> I have an application that loads a 150 MB text file containing 6.6
> million strings. I want to be able to quickly determine run lookups
[quoted text clipped - 18 lines]
> worry about additions
> or removals once everything is built.
Store the data in a contiguous buffer (with embedded nulls to demarcate the
strings) and store pointers in a sorted std::vector instead of a std::set.

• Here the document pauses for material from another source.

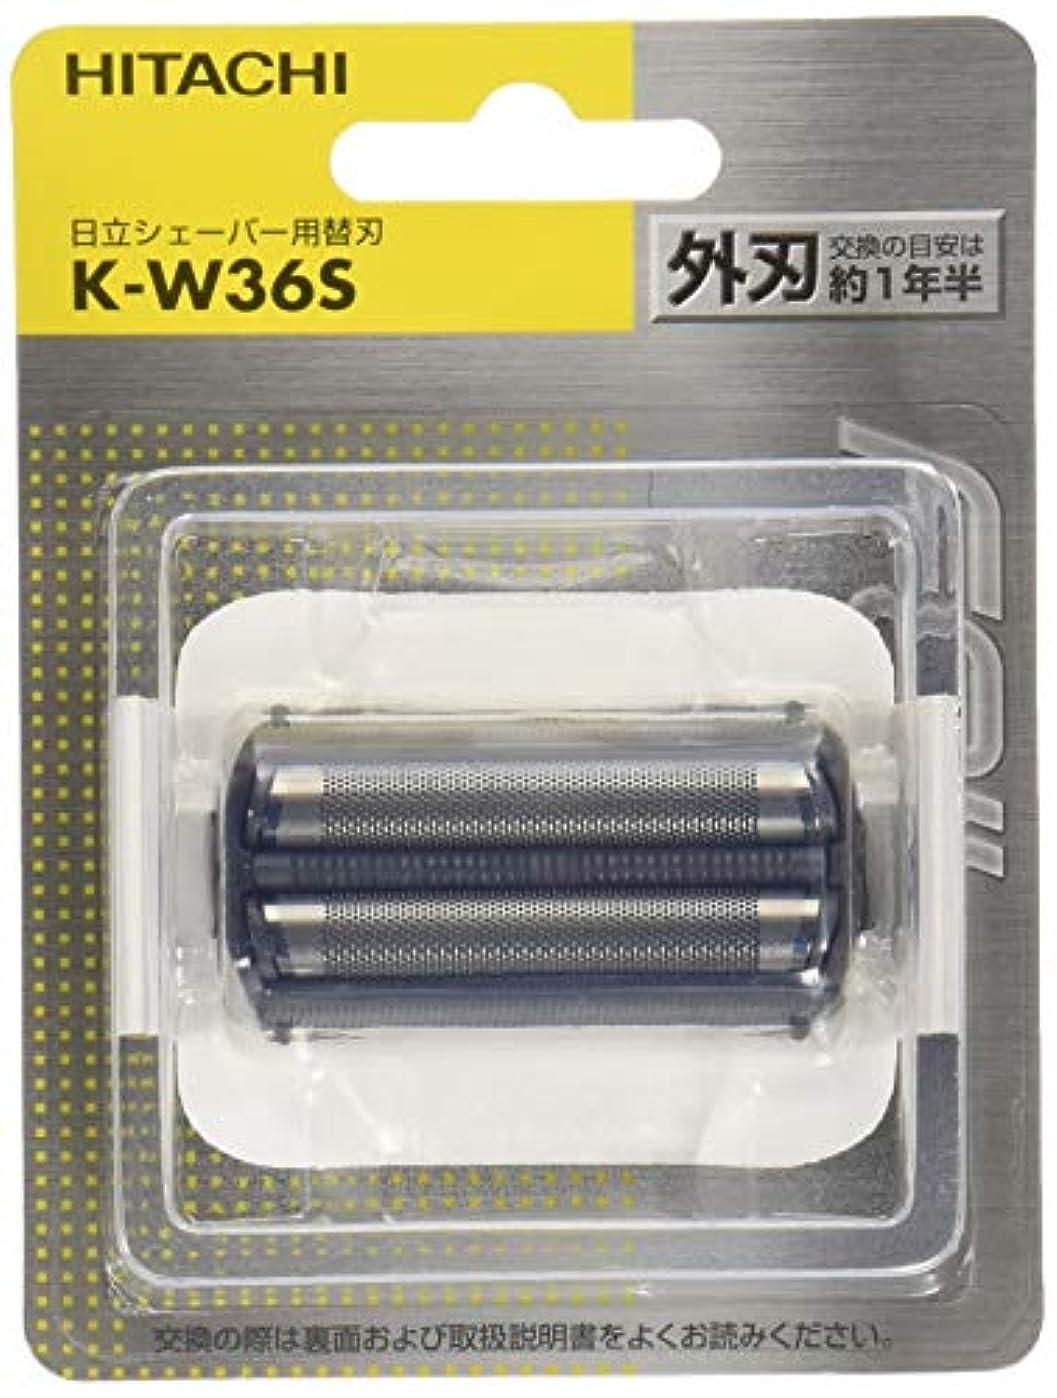 受け入れるトリプル建築家日立 替刃 外刃 K-W36S

That should get you down to about 174Mb.
A bit more fancy, you could turn the entire dictionary into a large ternary
search tree, or perhaps build a large finite automata that can recognize the
strings. Obviously either of those would require a significant
pre-processing of the data, but I'm guessing that wouldn't necessarily be a
problem. Without detailed knowledge of the distribution of characters in
the strings it's difficult to predict how large the associated data
structure for either of those would be, but it's not unlikely that it would
be considerably smaller and also quite possibly faster.
-cd
Tommy Vercetti - 05 May 2004 01:52 GMT
Ah, and since the collection is sorted you can still get logarithmic
search times.
Wow, those are actually really good ideas. I'm surprised. I will
investigate those solutions. I have just googled ternary search trees
and it looks promising. Thanks!
> Store the data in a contiguous buffer (with embedded nulls to demarcate the
> strings) and store pointers in a sorted std::vector instead of a std::set.
[quoted text clipped - 10 lines]
>
> -cd
leo - 08 May 2004 00:07 GMT
> Ah, and since the collection is sorted you can still get logarithmic
> search times.
>
> Wow, those are actually really good ideas. I'm surprised. I will
> investigate those solutions. I have just googled ternary search trees
> and it looks promising. Thanks!
Using Ternary Search Tree could still be a problem in memory
consumption. If you don't need partial search functionality, probably
hashtable is the best choice. On the other hand, if the ternary tree
you built is not balanced, then the performance of it will be worse
than hashtable.
Leo